We continue to be moved by God each time we tell our story.  And so we will keep on telling it.  If for no other reason than to remind ourselves of how big and good God is. 

And because some of you wanted to see it, below is the article I wrote for Bethany's August newsletter.  That's right, I'm posting on my blog an article about my blog. 




I began my blog (www.henryandgrace.com) over three years ago while pregnant and on hospitalized bedrest with my son, Henry. Once he was born, like many Mommy-blogs, it became a digital scrapbook for my son, a way for family and friends to see what we were up to, and a way for me to finally put my degrees in Creative Writing and Christian Education to use. Sometimes the posts were funny stories of late night poop-explosions, other times I wrote of repenting of my many idols that Motherhood brought to the foreground. As Henry approached toddlerdom, it began, more and more, to be about my struggles with infertility. As God worked on my heart bringing me into the world of adoption, it became apparent that He was creating something more than a 21st century baby book and diary--He was creating a place for me to see Him at work, carving out a ministry for me, and creating community.

I must confess my husband and I had many discussions about what could and could not go on the blog, particularly when it came to our adoption journey. What if our case worker read it and learned the only reason our base boards were dusted was because she was coming over? Or that my heart still ached when friends told me they were pregnant? Or that I was constantly repenting of raising my voice at Henry for peeing on the couch? Eventually, and not always perfectly, I learned to ask “Am I writing this because I want to talk about myself or because I think God might be glorified in this?” And because God’s strength is most readily seen in human weakness, I included everything from my fears about what an open adoption might mean, to how dorky I was at the training seminar. (Seriously, folks, I could have only been less cool had I shown up with apples for all of the case workers.) I even included my heart-ache when the birthmother of our first placement reinstated her parental rights on day 8.

And in as much as my blog began to be a place where I could preach the Gospel to myself, it began touching others as well. I’ve gotten emails from women struggling with infertility, who are thinking about adoption, or who have adopted and just wanted to connect with another Mom whose kids had different skin color. I’ve been asked everything from housecleaning tips for home studies (HA!), to what is it like raising a white son and a brown daughter, to what is it REALLY like helping a child wean themselves off narcotics.
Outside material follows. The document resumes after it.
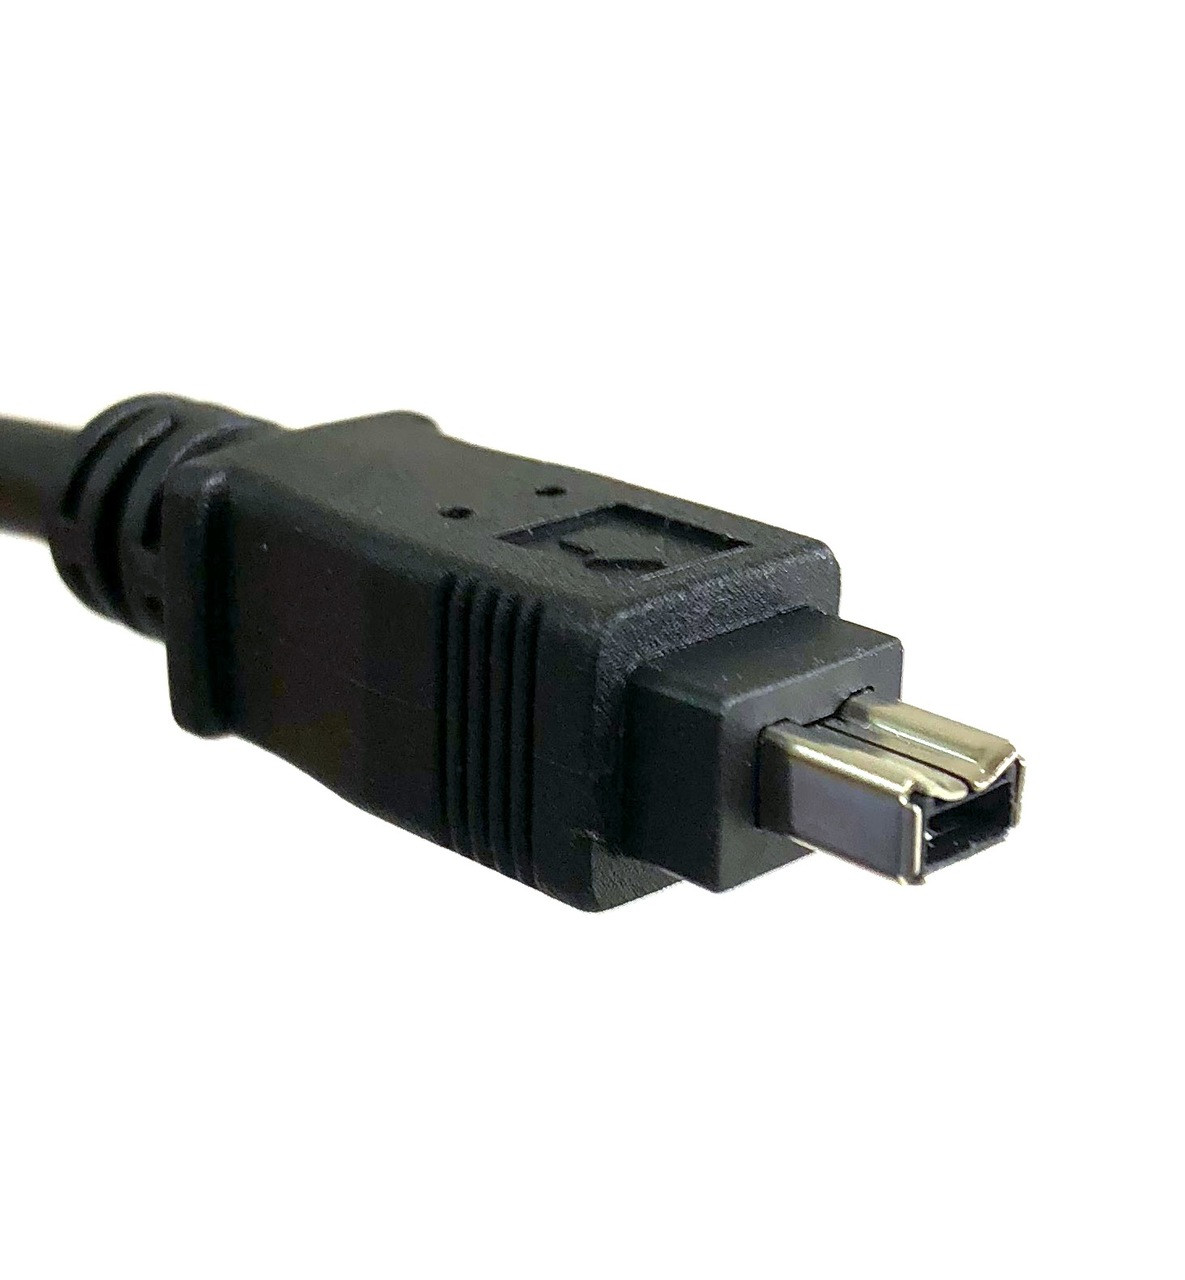 FireWire (IEEE 1394a) 6-Pin to 4-Pin Cable - Micro Connectors, Inc.
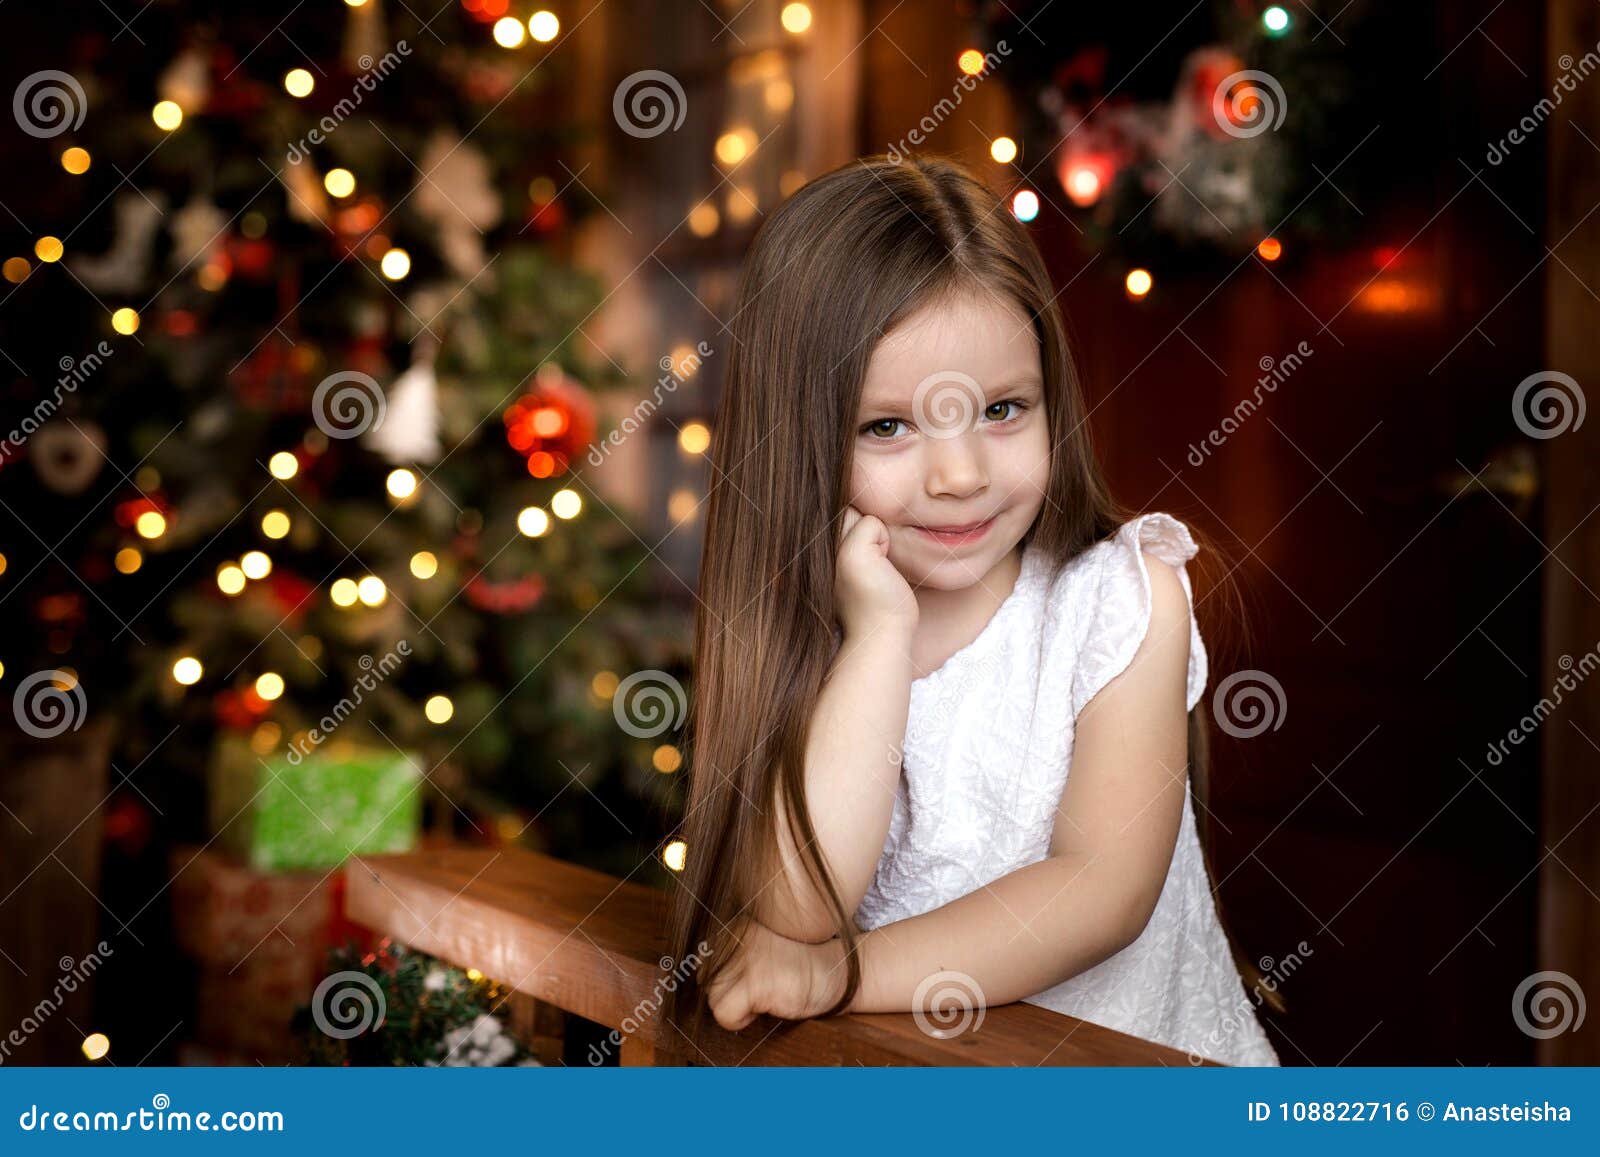 On Christmas Night a Little Girl Waiting for Santa Claus. Stock Photo ...

Through my blog, I’ve met some incredible people. Sometimes I only know them in cyber-space, commenting on one another’s blogs or sending each other Facebook messages as they live in Texas, or Georgia, or Canada. I’ve educated friends of friends about the adoption process. I’ve been in contact with adoptees who have shared with me their stories of how they learned about their adoption. I’ve had the opportunity to tell women who have never stepped foot in a church about how God pursued me and knit my family together. I’ve even been stopped in a grocery store by a stranger because she recognized me from my blog and wanted to let me know that because of my blog, she and her husband felt free to pursue a transracial adoption (SOOOOO wished I’d bathed that day).

Each time I connect with someone, I am humbled. I know how minor of a player I am in all of this-- just an extra in God’s ridiculous love affair with humanity. My blog is called “Elizabethtown: Where I’m Homecoming Queen and Always Write”. However, I like to think that if you look closely, what you’ll really read is the story of how God loves me so well.